Je ne vais pas m'attarder sur ce personnage. Je préfère profiter de son dérapage pour montrer comment le rejet de l'autre peut s'insinuer dans des commentaires ou des petites phrases de prime abord inoffensives. La peur de se faire traiter de "PD" si on prend son petit copain par la main en rue. La crainte de se faire tabasser en sortant d'un bar "d'anormaux". Sous prétexte que le cadre législatif criminalise l'homophobie, on s'est autorisé, nous tous, un petit relâchement. Car, finalement, en Belgique "on n'est pas si mal". Si on compare notre situation à celle des homosexuels ougandais, iraniens, serbes, en effet. Mais est-ce une excuse au renoncement? Excuser l'inexcusable car "y'a pire ailleurs"? NON. Car ils en profiteront, ces enfants de la "Manif pour Tous", pour dégueuler leurs arguments et faire rentrer dans la tête de certains leurs idées.

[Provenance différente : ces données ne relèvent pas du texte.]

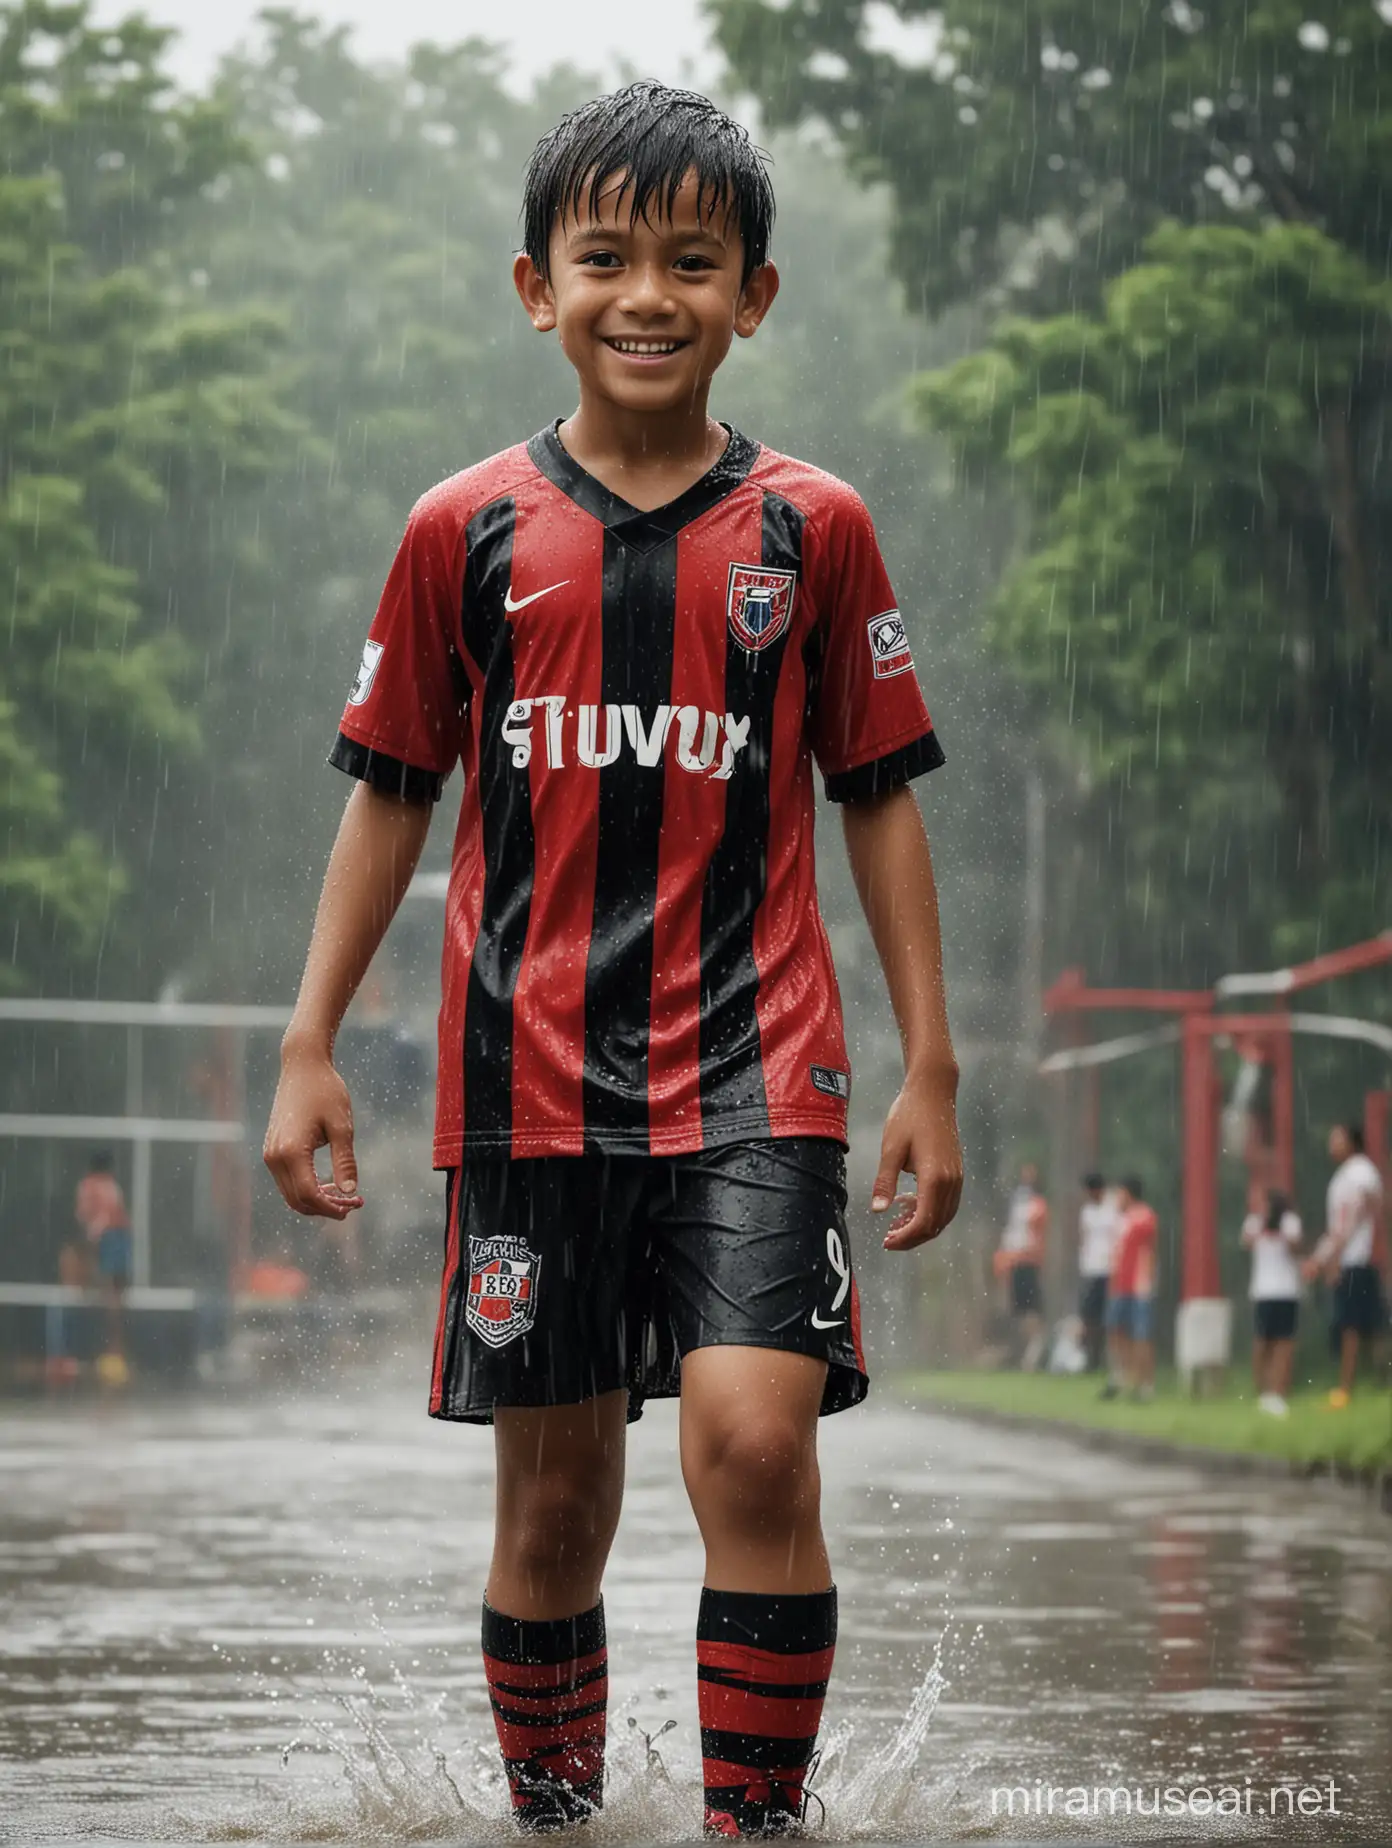 Gambar hiperrealisme seorang anak laki-laki Indonesia tampan berusia 9 tahun berdiri di bawah hujan lebat. memakai jersey warna merah garis hitam dengan nomor 7 , sepatu sepakbola NIKE, Dia menatap ke arah kamera sambil tersenyum beekacak pinggang, salah satu kakinya menginjak bola, Pemandangan dari depan. Anda bisa melihat air memercikkan seluruh tubuhnya. Latar belakang lapangan sepakbola dengan detail yang terlihat begitu nyata

Je pense surtout aux jeunes filles et aux jeunes garçons qui se découvrent homosexuels. Certains d'entre eux préfèreront en finir avec la vie plutôt que d'affronter une société où ils ne se reconnaissent pas. Et cela se passe bien chez nous. En 2014. Préférer en finir que d'entendre du "sale gouine", "petit PD" dans la cour de récré ou dans les gradins d'un stade de foot. D'entendre que lorsque tu ne fais pas de sport, tu dois sans doute être "une tapette". De se faire foutre à la porte de chez soi parce que tes parents te rejettent et ont honte. Non, Monsieur Mampaka, vos propos ne sont pas anodins, ni ne doivent être excusés par une colère passagère. Ils peuvent faire autant de dégâts dans la tête de ces jeunes. Car vous, qui plus est, vous devriez être un exemple en tant qu'homme politique.

Et ne me dites pas que j'utilise cet incident pour ma carrière. Je ne suis pas un homme politique profesionnel, moi. Au contraire de vous. Mon travail, celui qui paie mon loyer, il se fait justement dans une association qui se bat contre le VIH/Sida et l'homophobie. Et quand je prends la parole devant des jeunes pour leur dire qu'il ne faut jamais rien passer car on a très vite fait de remettre en question ce que l'on croit acquis, je ne peux pas, Monsieur Mampaka, rester moi-même sans réagir. Non pas à des fins politiques - comme vous l'insinuerez certainement - mais pour éviter que demain, par exemple, sous le coup de la colère, un individu ne vous traître de sale nègre. Car la parole homophobe, comme xénophobe ou sexiste ou anti-sémite, a tendance à s'assumer. Se décomplexe. Et c'est à ce moment là que la vigilence de tous doit être de mise, en particulier des femmes et hommes politiques.

Je ne veux pas répondre aux journalistes. Je ne veux pas être un instrument. Je ne veux pas non plus rentrer dans votre shéma délirant, Monsieur Mampaka. Je veux juste que l'on sache que rien n'est jamais définitivement acquis. JAMAIS."